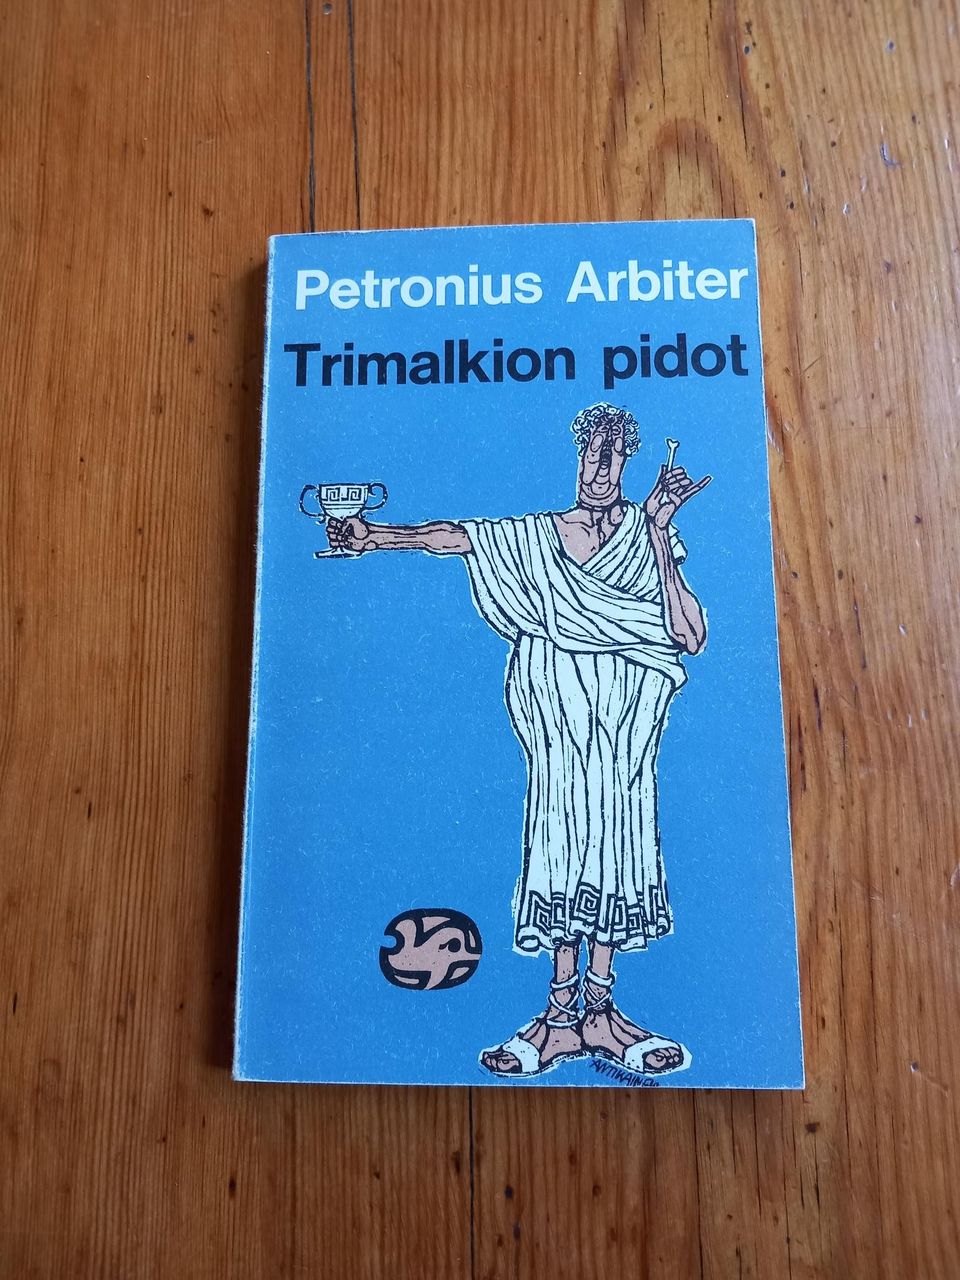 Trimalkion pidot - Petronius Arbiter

...

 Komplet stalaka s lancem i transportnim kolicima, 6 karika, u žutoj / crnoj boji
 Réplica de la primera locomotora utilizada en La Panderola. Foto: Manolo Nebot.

...

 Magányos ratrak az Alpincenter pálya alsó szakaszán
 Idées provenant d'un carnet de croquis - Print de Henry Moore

[Problem description] Begin with the line that has "Komplet stalaka s" in the listing above and end after the line that has "Réplica de la"; output those lines exactly.

[Solution for this problem]
 Komplet stalaka s lancem i transportnim kolicima, 6 karika, u žutoj / crnoj boji
 Réplica de la primera locomotora utilizada en La Panderola. Foto: Manolo Nebot.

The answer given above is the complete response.